------ Source material ------

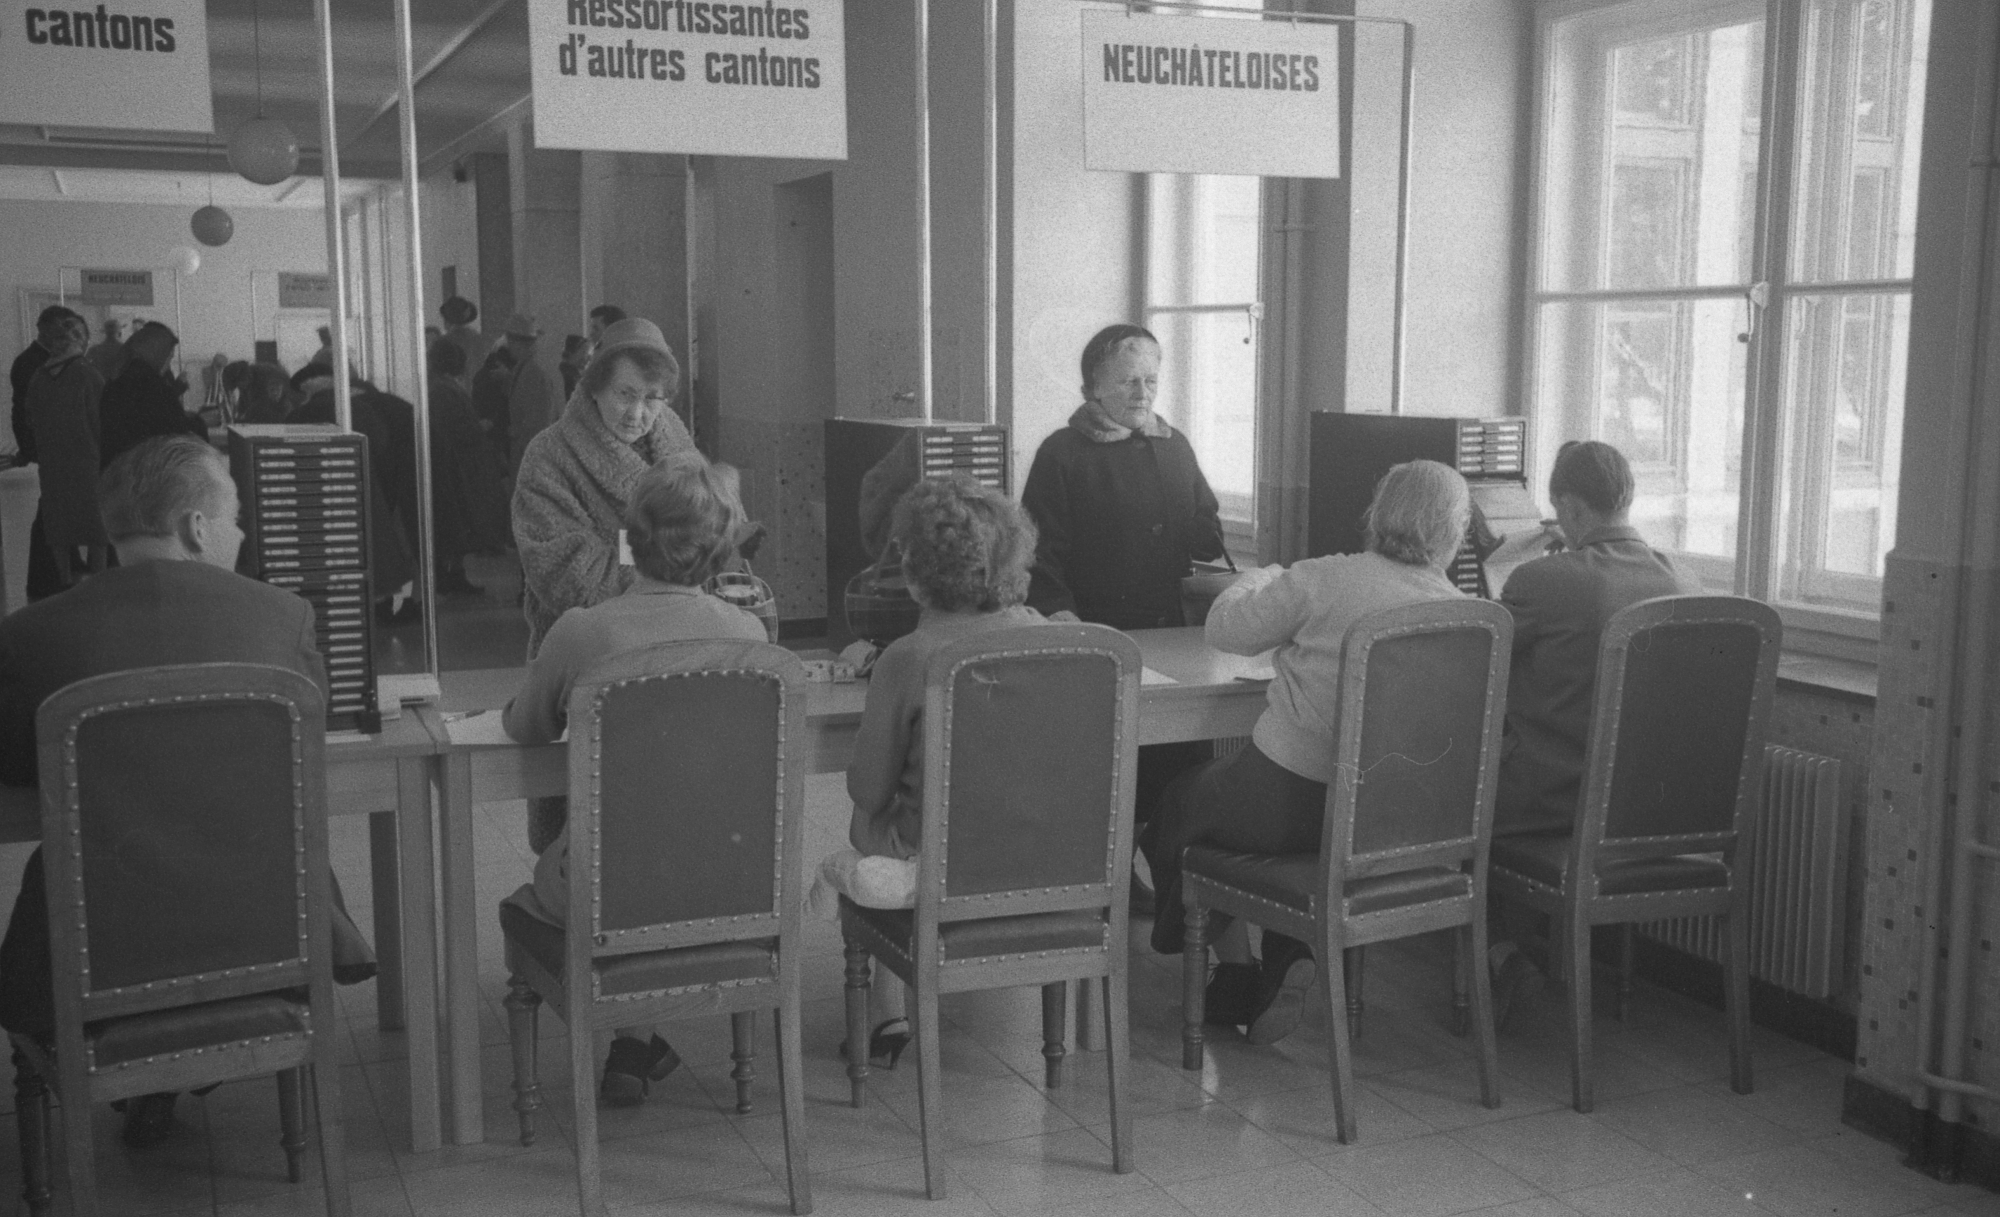 Au printemps 1960, les Neuchâteloises ont pu voter pour la première fois, ici à La Chaux-de-Fonds.
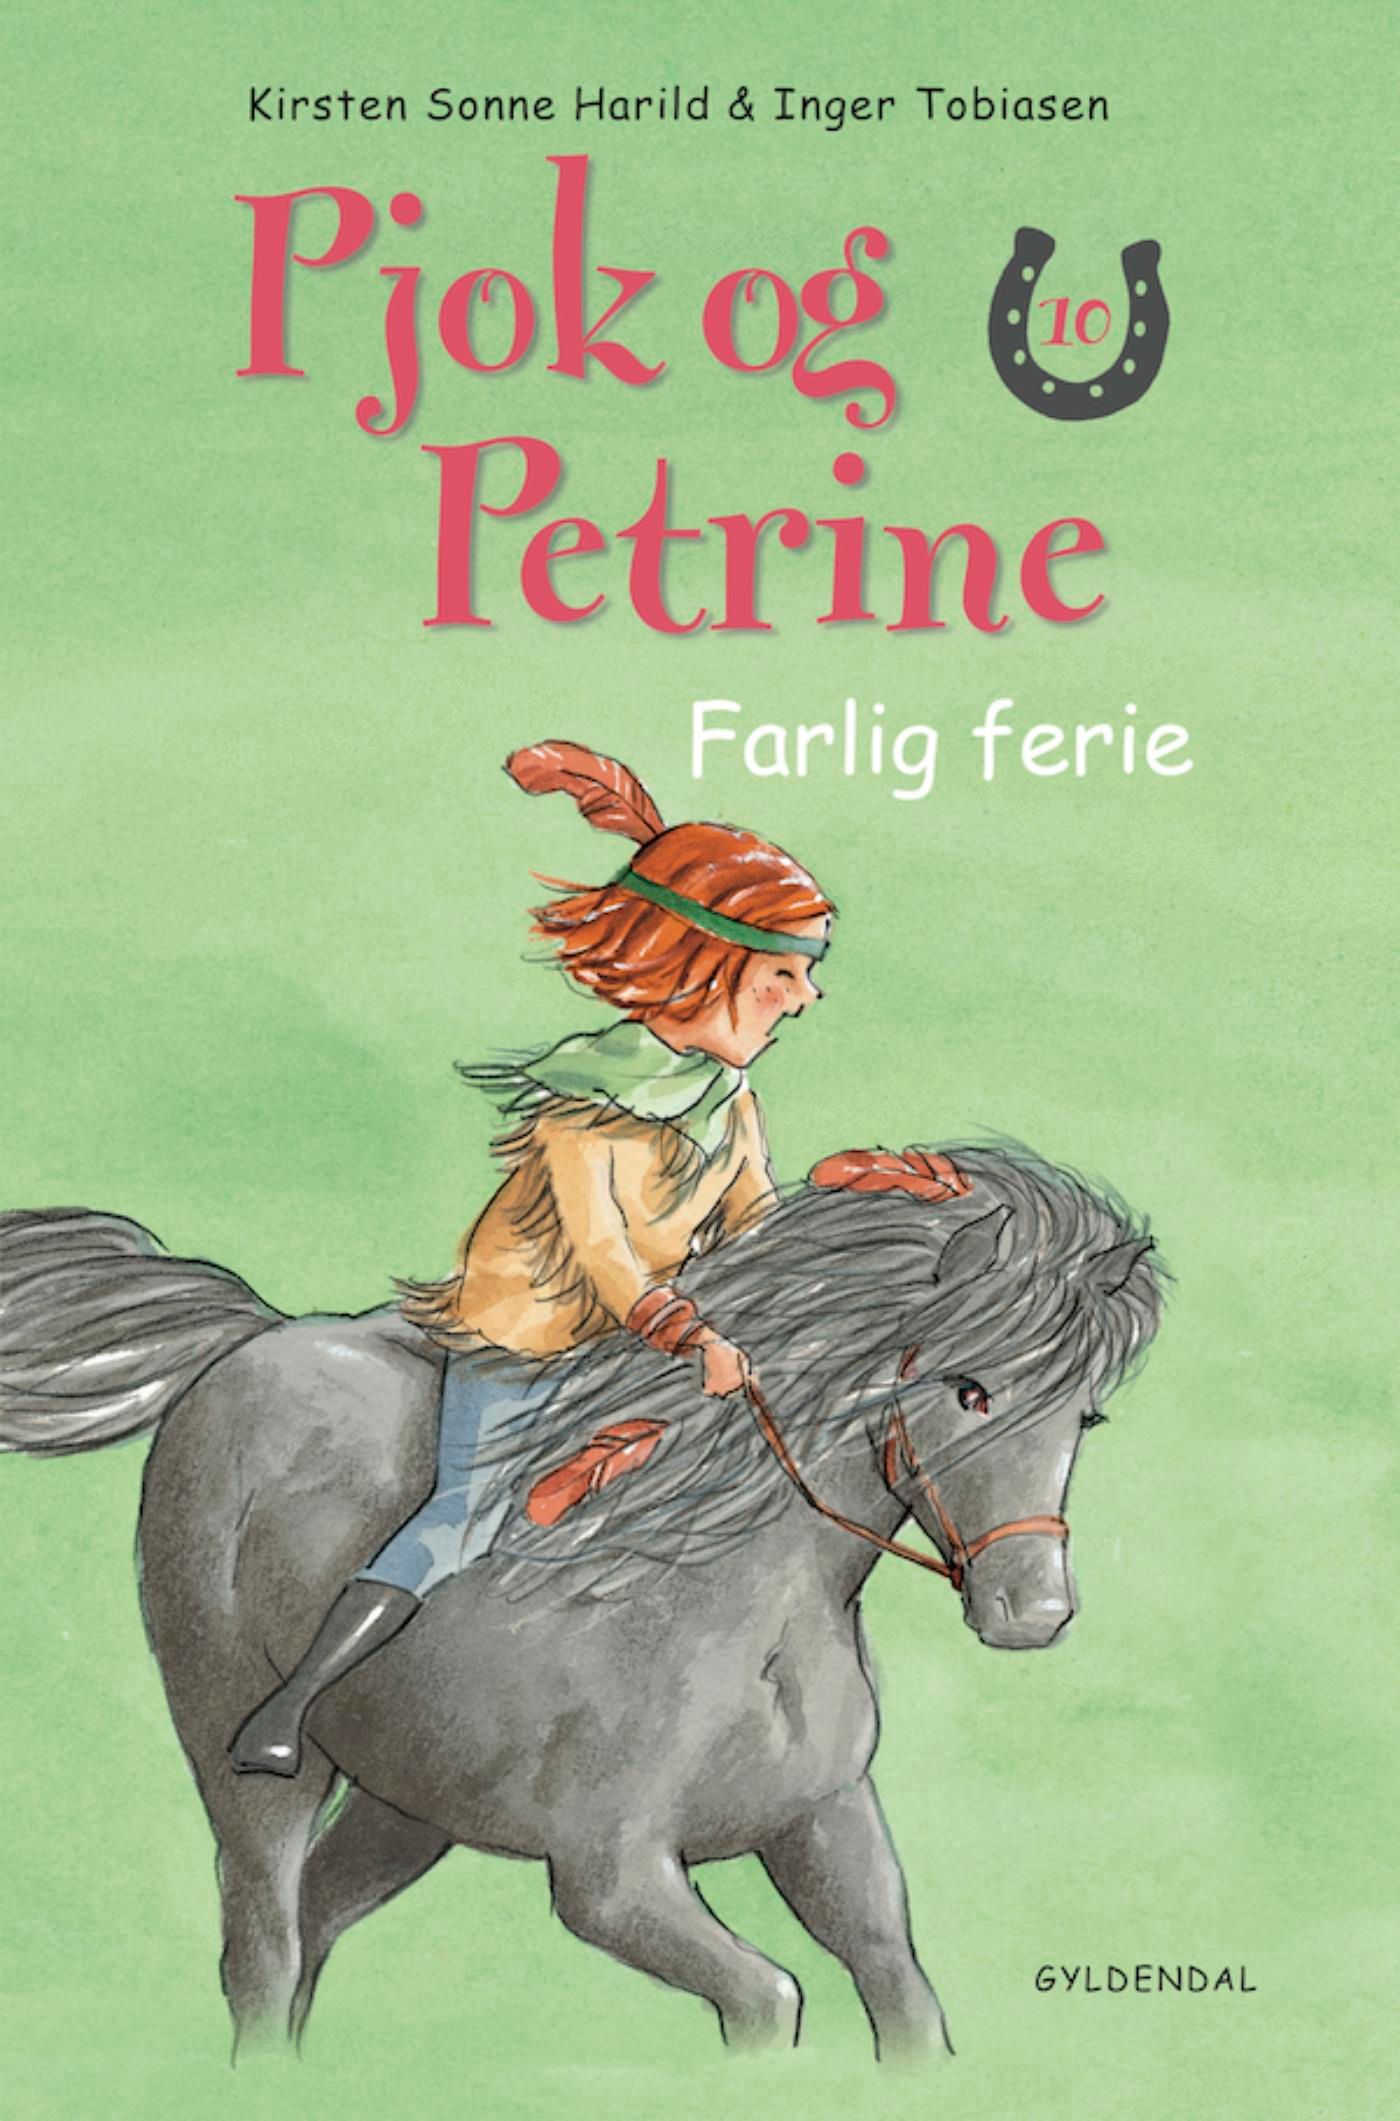 Pjok og Petrine - 10 Farlig ferie, e-bog af Kirsten Sonne Harild
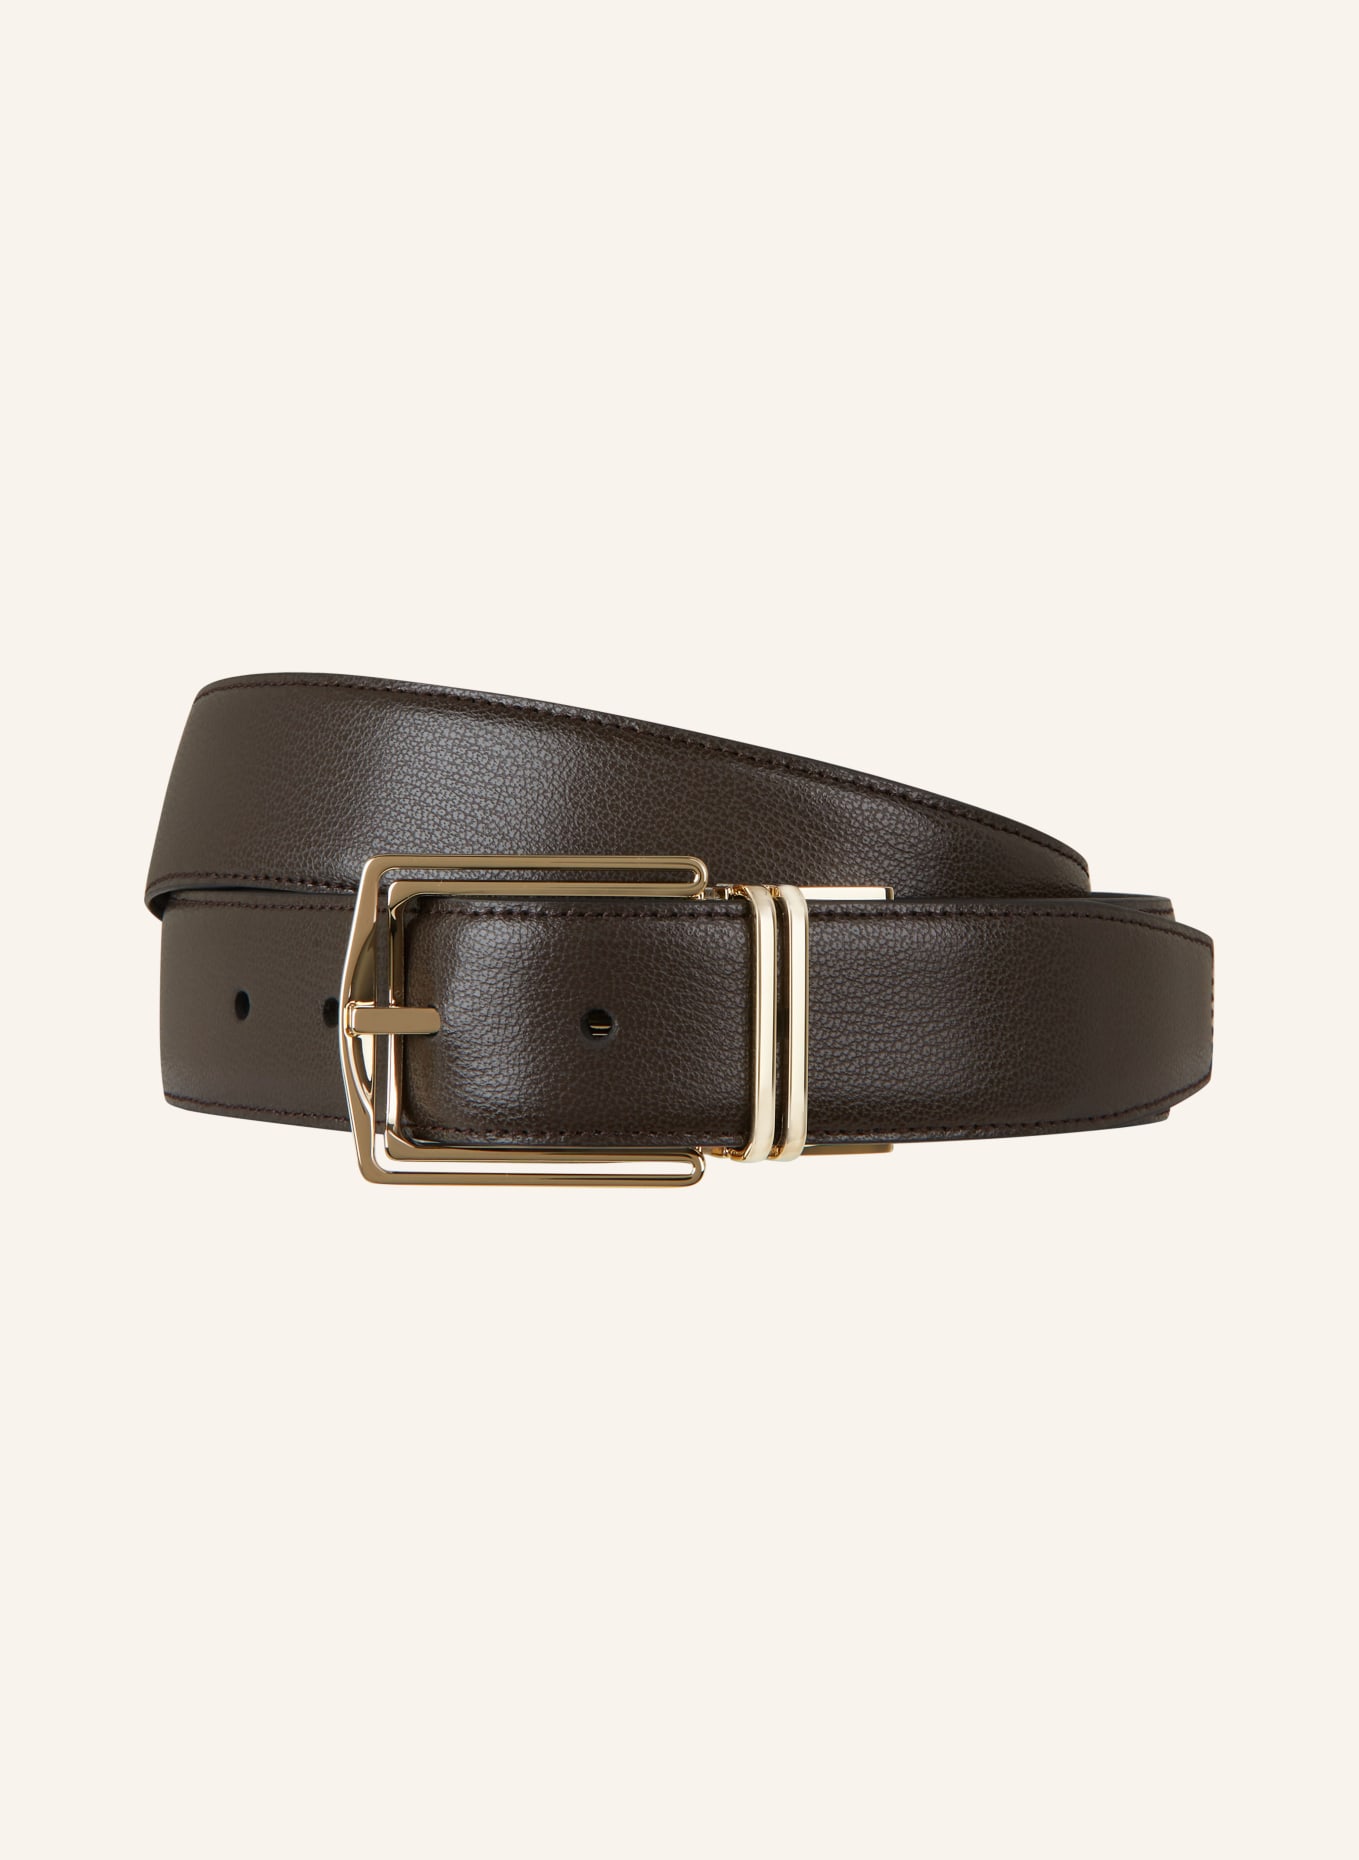 ZEGNA Leather belt, Color: DARK BROWN (Image 1)

------

• **What you will do**: All of the data is to be reproduced exactly, with the pictures left out.

• **Written solution**:
 Au printemps 1960, les Neuchâteloises ont pu voter pour la première fois, ici à La Chaux-de-Fonds.
 Pjok og Petrine - 10 Farlig ferie, e-bog af Kirsten Sonne Harild
 ZEGNA Leather belt, Color: DARK BROWN (Image 1)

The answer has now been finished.